● WHAT IS EXPECTED: Write every line below out again exactly, images omitted.

● AVAILABLE DATA:
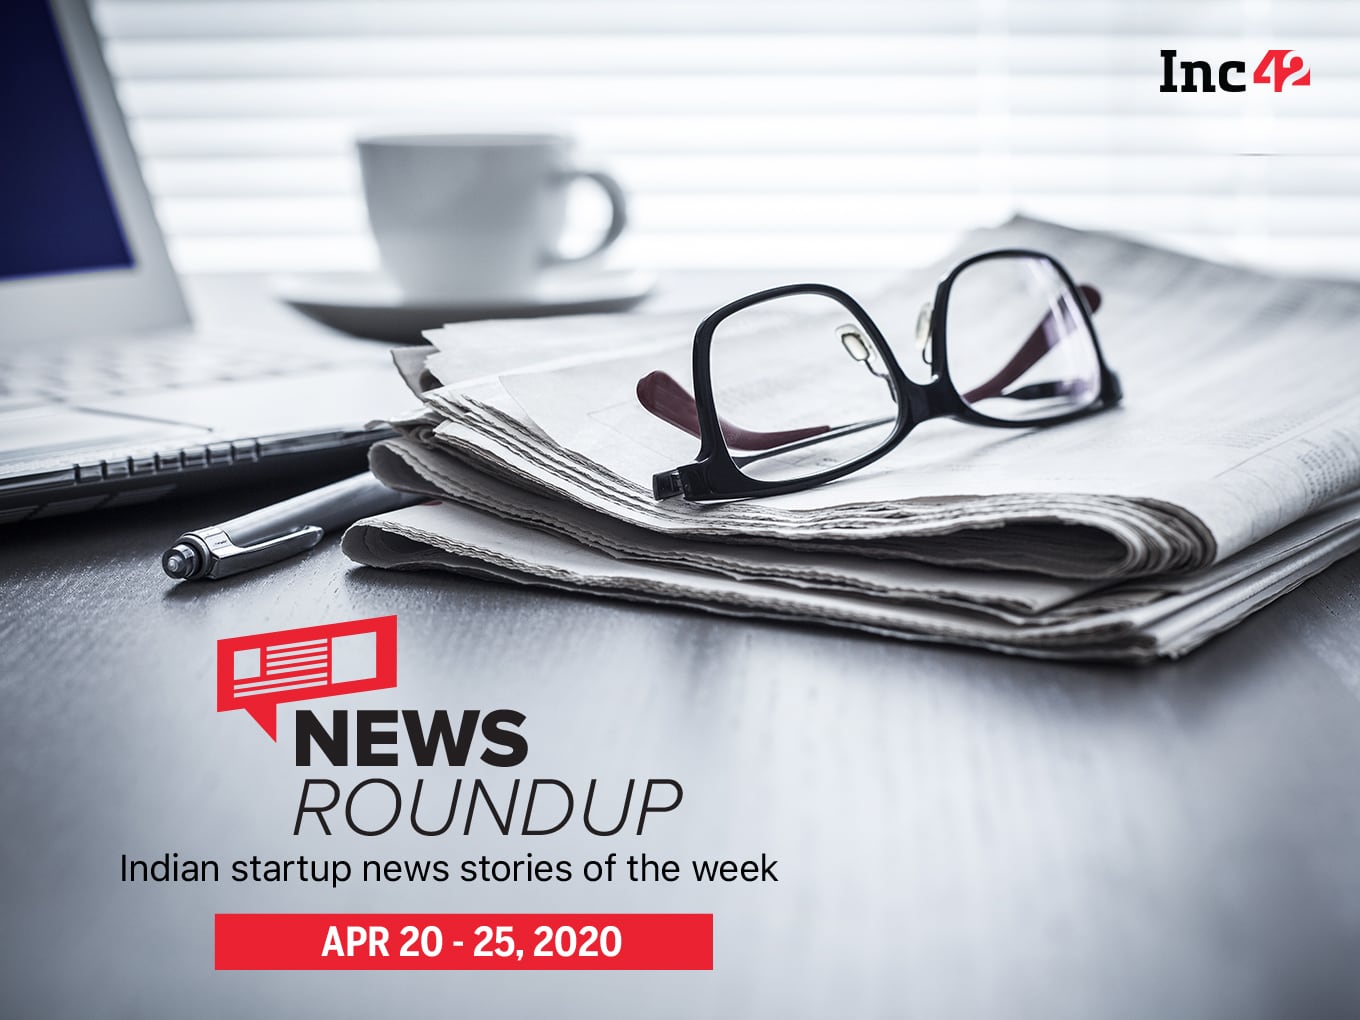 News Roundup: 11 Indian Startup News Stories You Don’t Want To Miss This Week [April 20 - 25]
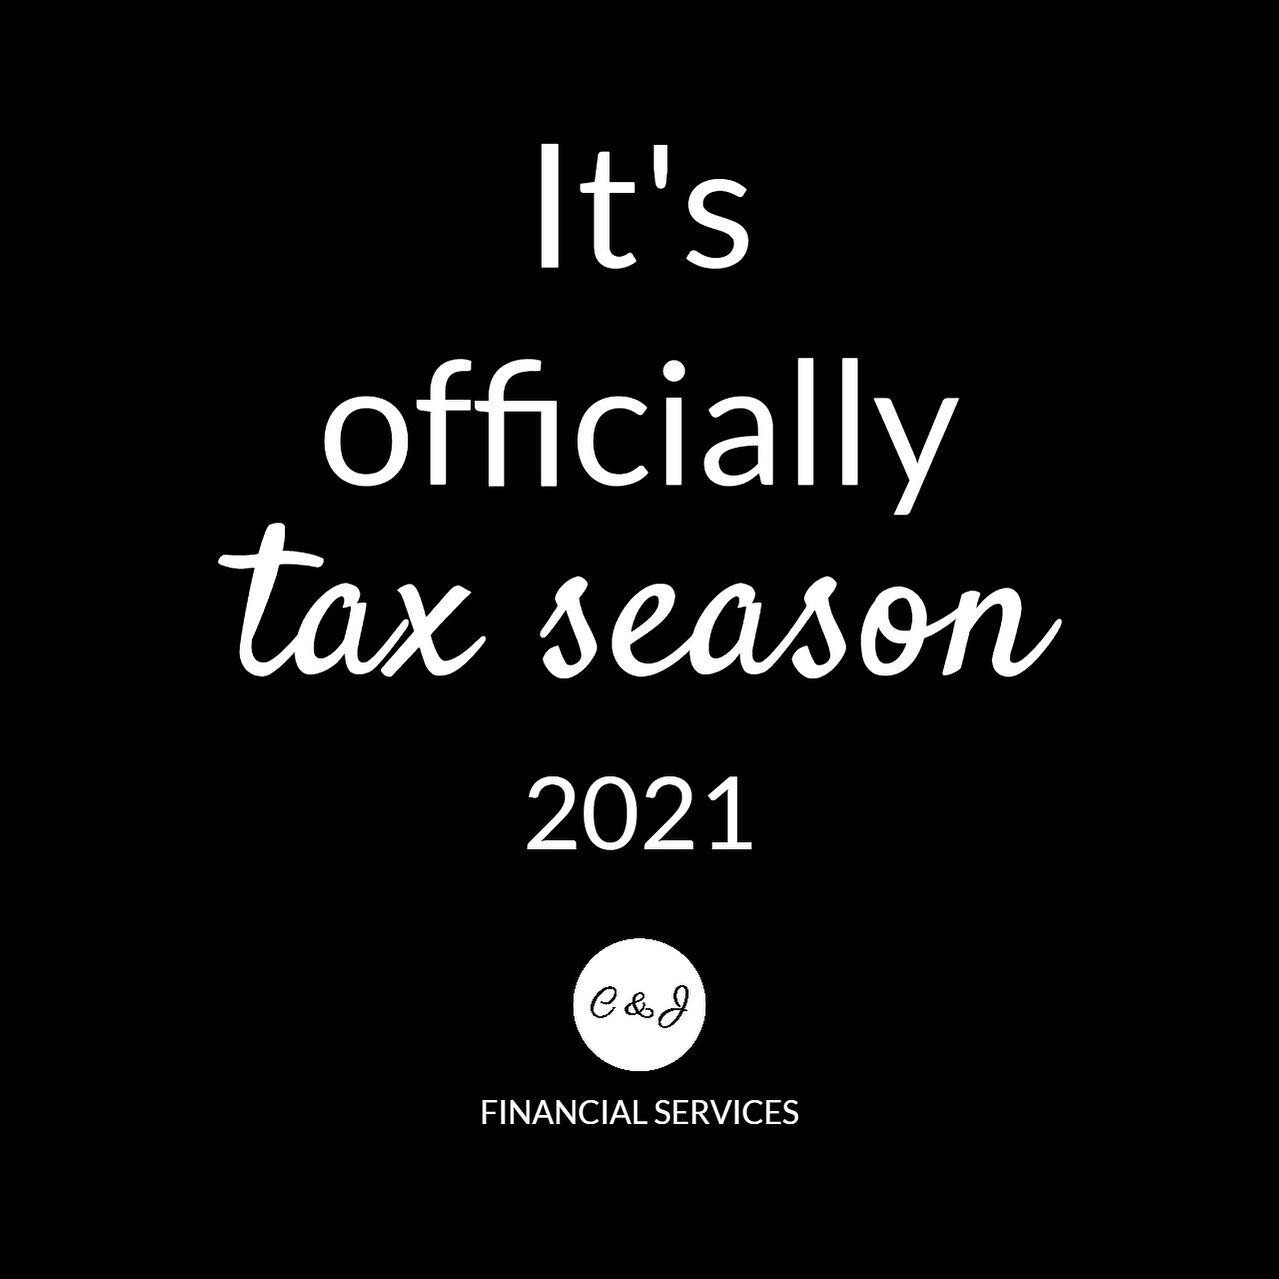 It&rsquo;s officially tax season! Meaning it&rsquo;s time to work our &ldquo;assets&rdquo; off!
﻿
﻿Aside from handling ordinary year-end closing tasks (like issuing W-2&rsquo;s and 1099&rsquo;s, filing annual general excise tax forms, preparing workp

● SOLUTION FOR THIS EXERCISE:
 News Roundup: 11 Indian Startup News Stories You Don’t Want To Miss This Week [April 20 - 25]
 It&rsquo;s officially tax season! Meaning it&rsquo;s time to work our &ldquo;assets&rdquo; off!
﻿
﻿Aside from handling ordinary year-end closing tasks (like issuing W-2&rsquo;s and 1099&rsquo;s, filing annual general excise tax forms, preparing workp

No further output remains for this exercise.